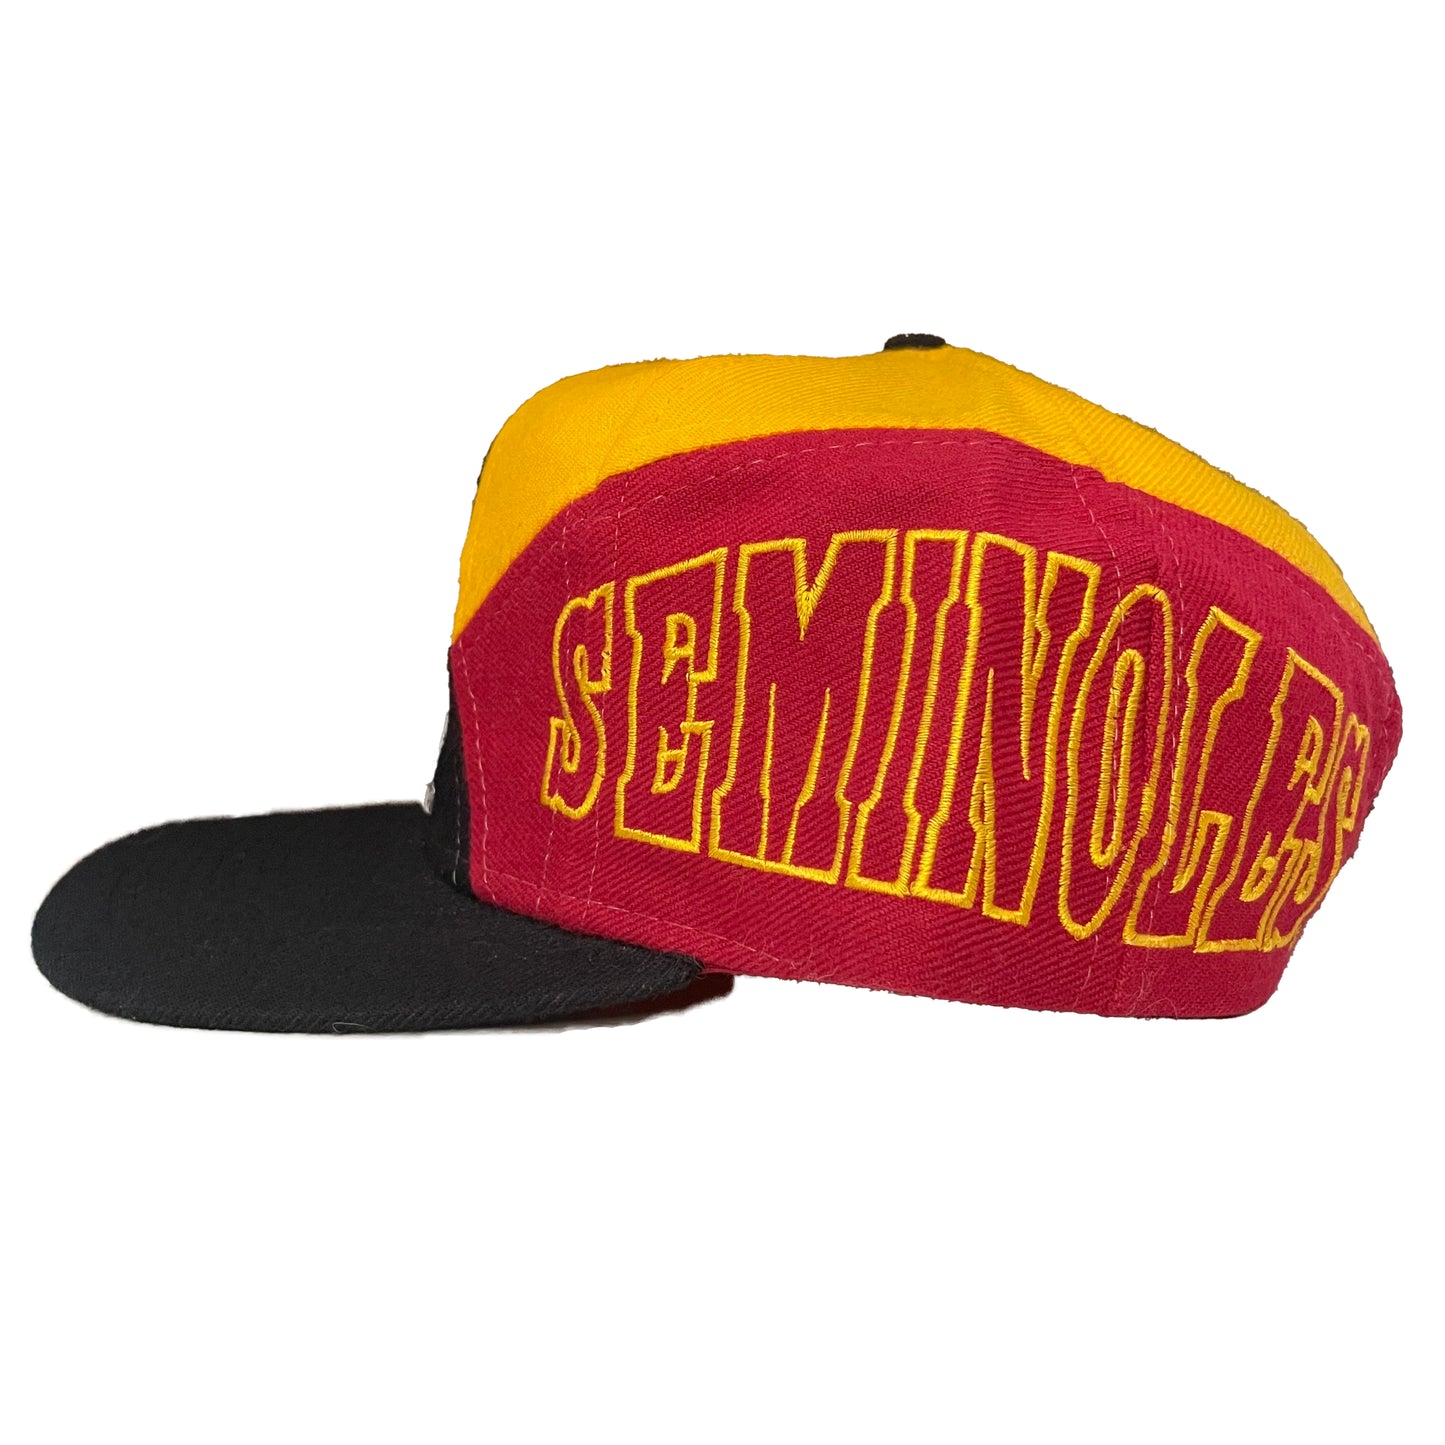 Florida State Seminoles FSU APEX hat
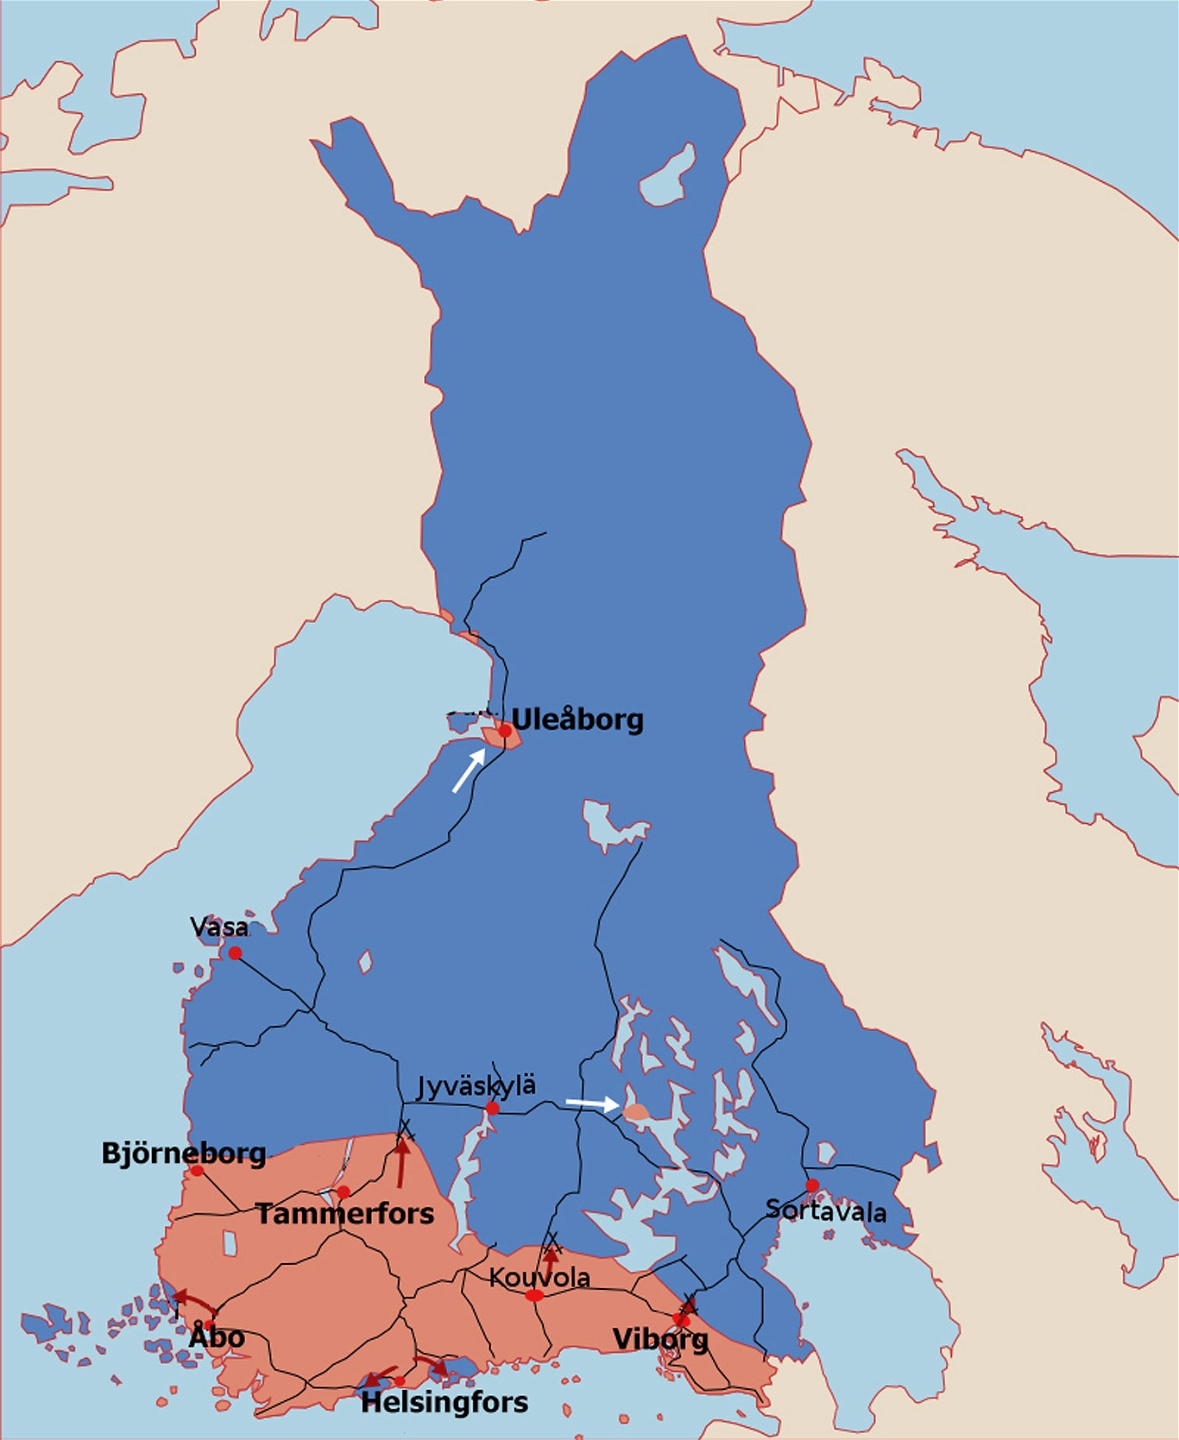 Vid krigets början kontrollerade den röda sidan huvuddelen av de industrialiserade
storstadsregionerna i södra Finland.
+++
### WORK TO COMPLETE
Reproduce the final stretch of lines exactly: the line containing "Vid krigets början" through the last line of the data, both included. Pictures do not belong in the copy.

### EXERCISE RESULT
 Vid krigets början kontrollerade den röda sidan huvuddelen av de industrialiserade
storstadsregionerna i södra Finland.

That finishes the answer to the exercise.